During 1999 and 2000, Burger King and the Consumer Product Safety Commission held an effort to recall plastic containers resembling Poké Balls in the United States after it was determined they presented a suffocation hazard.

Background
Burger King released a set of 57 Pokémon toys in a $22 million Pokémon: The First Movie promotion, which were contained within round Poké Ball containers measuring from 2.75 and 3 inches in diameter. Burger King distributed the Poké balls inside big kids meals and regular kids meals, and it was to last for eight weeks from early November through December 1999. The containers ranged in color from red and white to hot pink. The containers were made by Equity Marketing, Inc. in Los Angeles. The container could be opened by pulling the two halves of it apart. Ten days into the promotion, Burger King North America President Paul Clayton ran full-page newspaper ads apologizing for shortages.

Suffocation risk and recall 

On December 11, 1999, a 13-month-old girl in Sonora, California, suffocated on the container, and was found deceased in her playpen with half of the ball covering her nose and mouth. Following her death, the Tuolumne County Sheriff's Department issued a warning about the containers. This was the first time a Burger King toy was blamed for a death. Two days later, the Consumer Product Safety Commission asked Burger King to recall the containers, which Burger King refused to do. They stated they were afraid to create anxiety for parents, as it was too soon to confirm whether the ball was responsible for the child's death, wanting to wait for an independent confirmation of the cause of death. The autopsy results had not been completed and released. Burger King spokesperson Kim Miller stated if it turned out the container was a choking hazard, they would pull them out. However, they did not want to end a promotion if there was no issue with it. The toys found in the containers were not a part of the proposed recall.

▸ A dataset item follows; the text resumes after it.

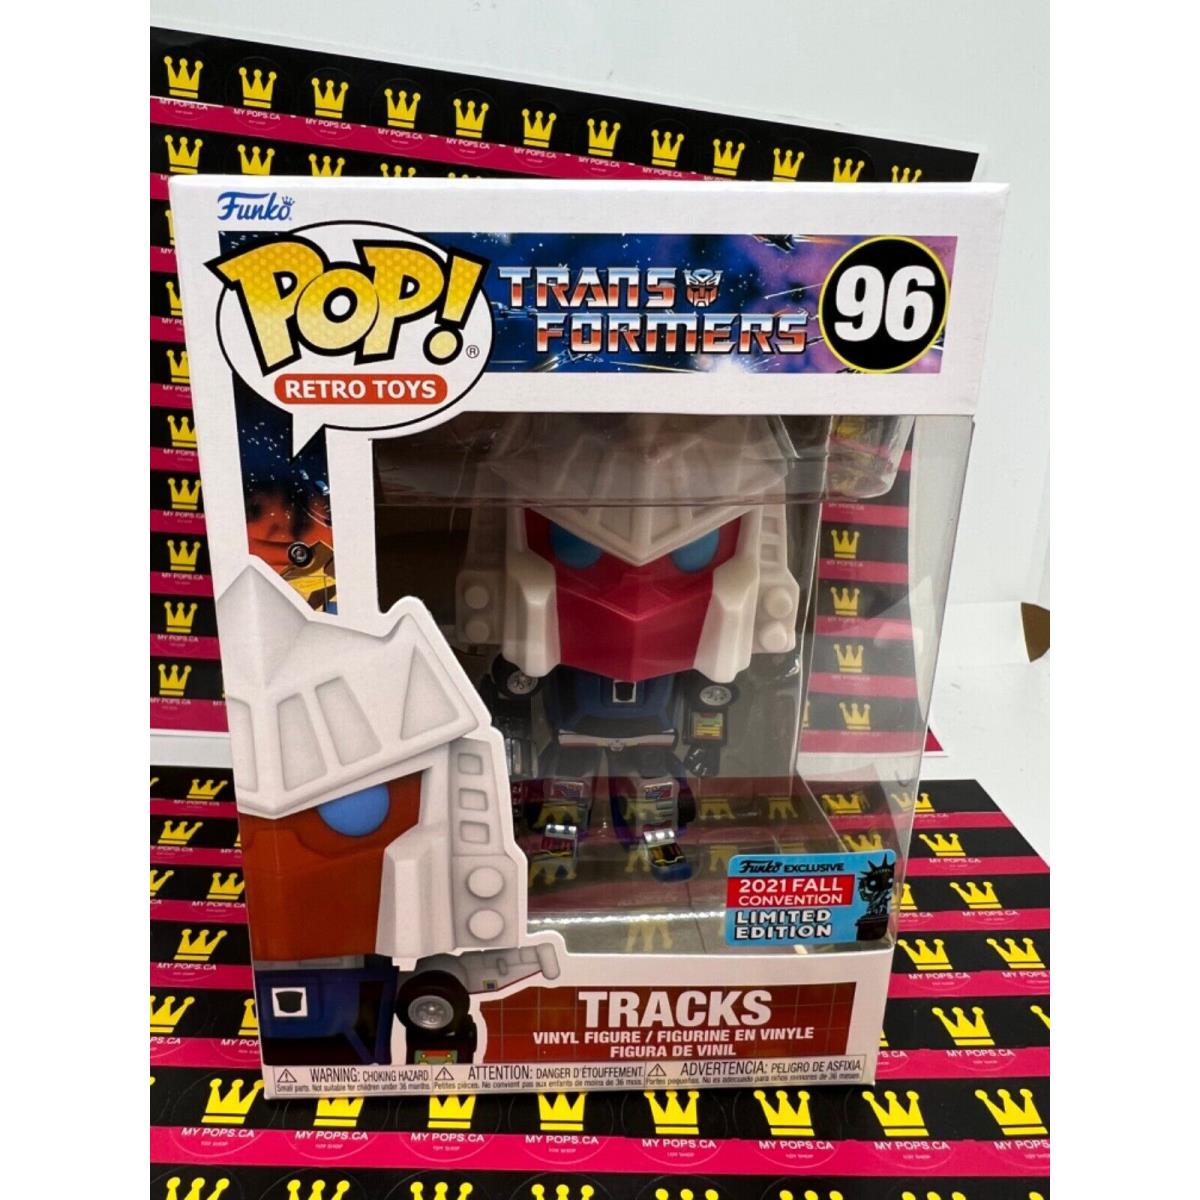 IN Hand 2021 Nycc Fall Convention Funko Pop Transformers Tracks Retro Toys 96

According to the Consumer Product Safety Commission, the design and size of the container made it easier for people to suffocate than with a plastic egg or a cup. It is just the right size to cover the nose and the mouth, and owing to the plastic's pliability, a child may suck the air out, creating a vacuum effect and causing the ball to become stuck to the face. Russ Rader, spokesperson for the commission, stated the more the child breathes, the tighter the ball is held in place. He claimed it is a hidden danger and is something parents could not anticipate.

On December 23, an 18-month-old Kansas girl reportedly got half of the ball stuck on her nose and mouth, but her father managed to remove it before she was injured. This resulted in Burger King agreeing to a recall after no resolution had been passed between them and the Consumer Product Safety Commission. However, the CPSC told them to wait five days—December 29—to announce the recall to allow for them to get its nationwide strategy in place. Burger King agreed, but told their stores to cease distribution of the containers.

However, when word began to leak out to the press, they released an early press release on December 27 announcing the recall, to the protest of government officials. These officials argued they needed time to distribute recall posters to more than 8,000 restaurants, a video news release, and an appearance on a national news show for CPSC chairperson Ann Brown. In addition, time was needed to avoid the period after the Christmas holiday when traveling families would be unable to watch a national newscast or pay attention to radio news broadcasts.

Brown proceeded to do the segment as planned on NBC News's Today, though changed the focus of the segment to criticize the chain for announcing the recall too soon and taking their time in determining if a recall was needed. Brown stated she was still upset by their actions a week after the incident, adding that most companies are more cooperative than this. She compared it to an incident that happened around the same time, where a Nordstrom department store's sweater's zipper was detached and became a choking hazard. The sweaters were immediately recalled.

Burger King issued a statement to parents that they should take the containers away from children ages three and younger, and should be thrown away or returned to Burger King, where they could be redeemed for a free small order of French fries. Children could keep the toy that came with the ball. According to Burger King spokesperson Charles Nicolas, more than 25 million containers were included in the recall. The container did not display any warning of a choking hazard, stating it passed all choking tests and was appropriate for all ages. Burger King stated it passed all U.S. Consumer Product Safety Commission requirements and all international safety standards.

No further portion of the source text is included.